TASK BRIEF
Skip the pictures. Quote every line below, exactly, from the one with "加密稳定币报告:用户数量175万;算法稳定币项目Terra单周上涨50%" through the final line.

DATASET CONTENT
BEGIN
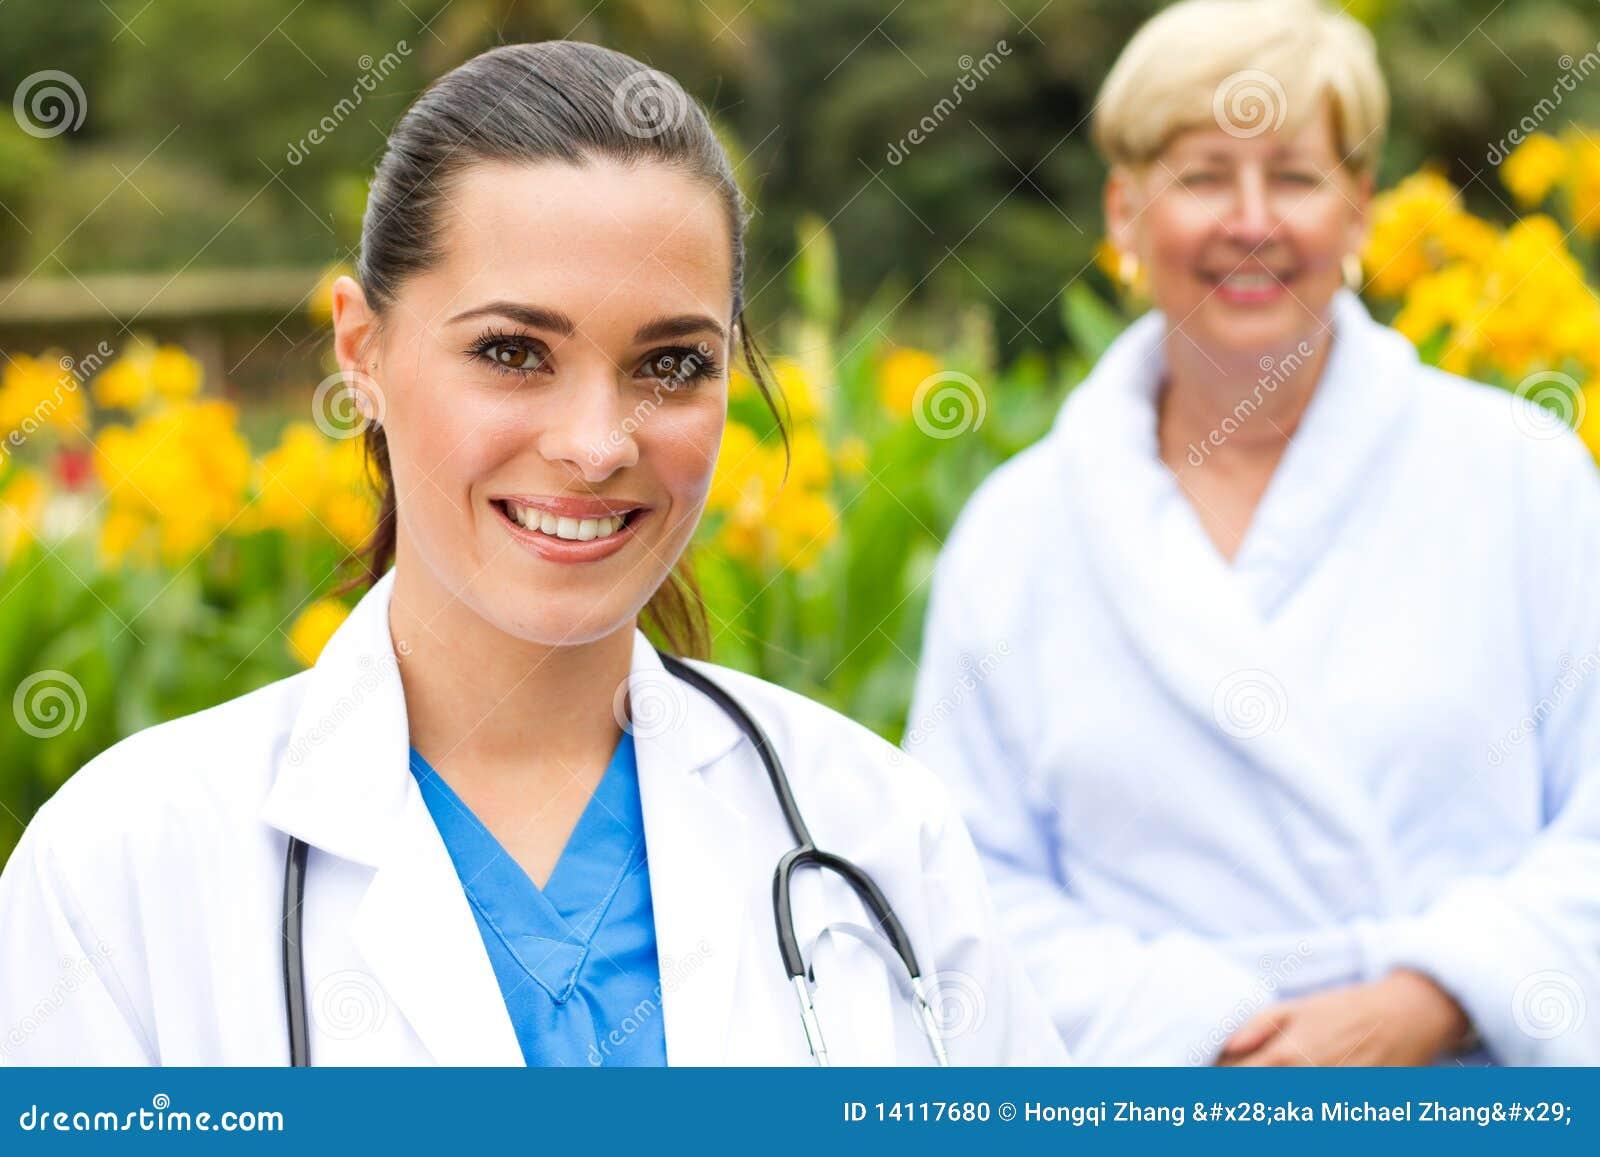 Смотреть женские болезни фото 3 фотография
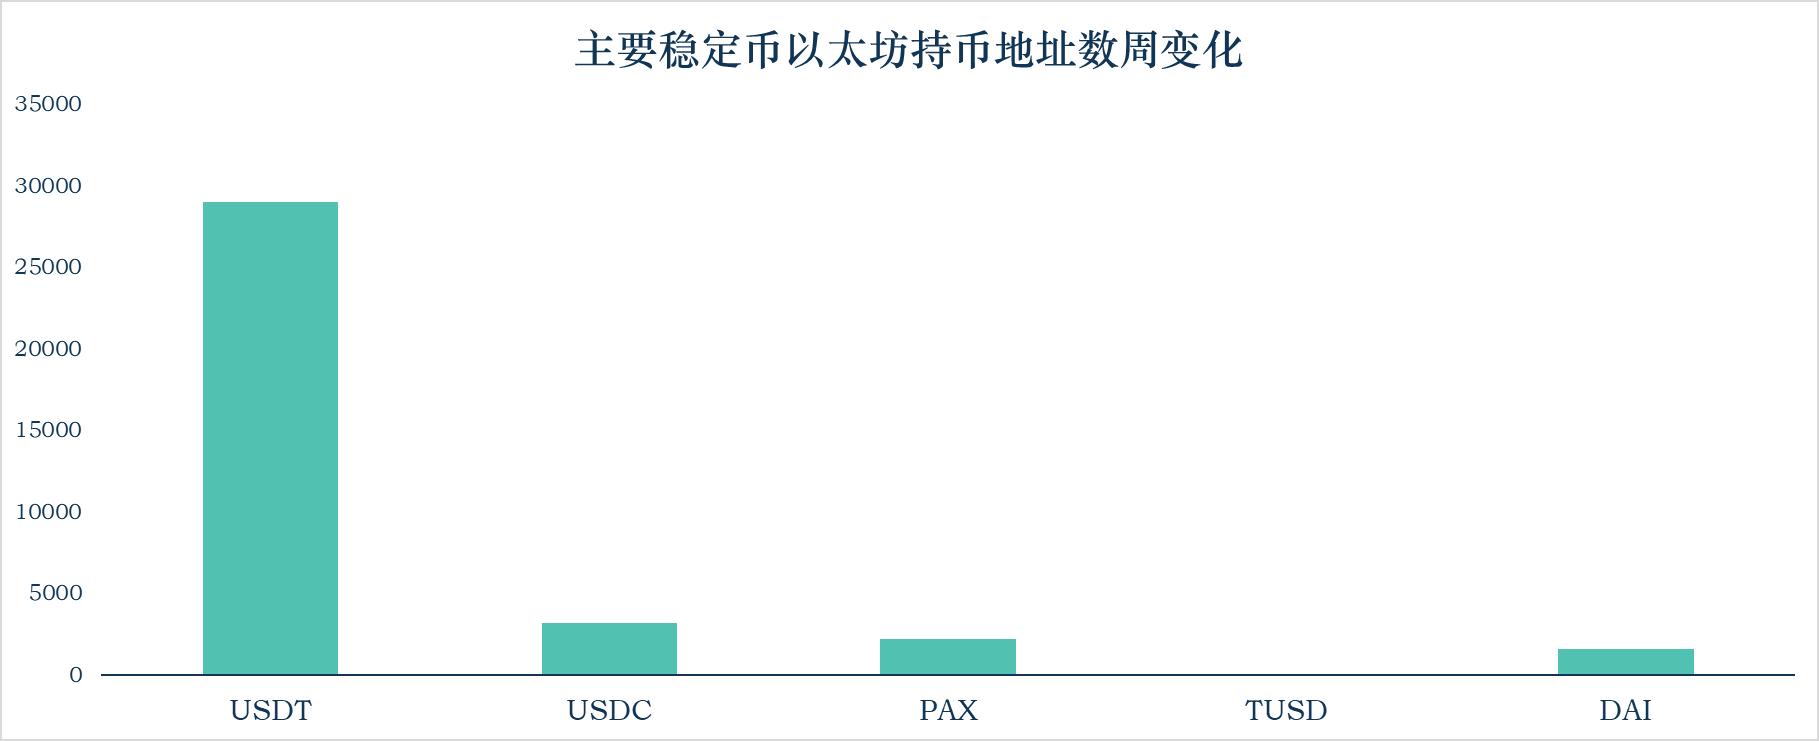 加密稳定币报告:用户数量175万;算法稳定币项目Terra单周上涨50%
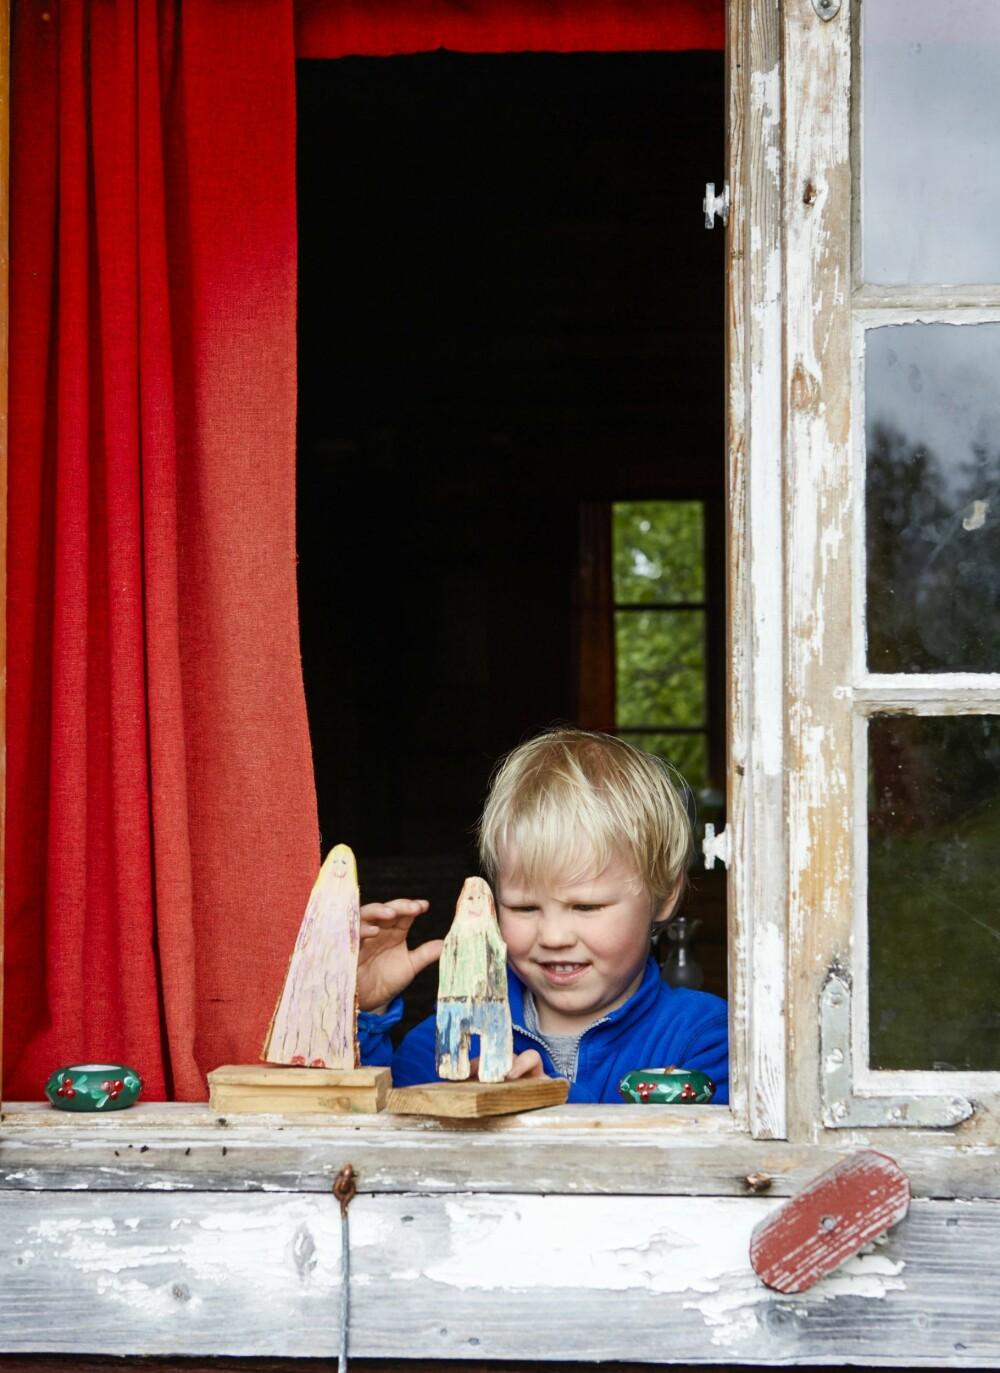 GJENSYNSGLEDE: Trefigurene, som pappa Gunnar har laget til Boas, gir gjensynsglede. (FOTO: Sveinung Bråthen)
END
OUTPUT BELOW
 加密稳定币报告:用户数量175万;算法稳定币项目Terra单周上涨50%
 GJENSYNSGLEDE: Trefigurene, som pappa Gunnar har laget til Boas, gir gjensynsglede. (FOTO: Sveinung Bråthen)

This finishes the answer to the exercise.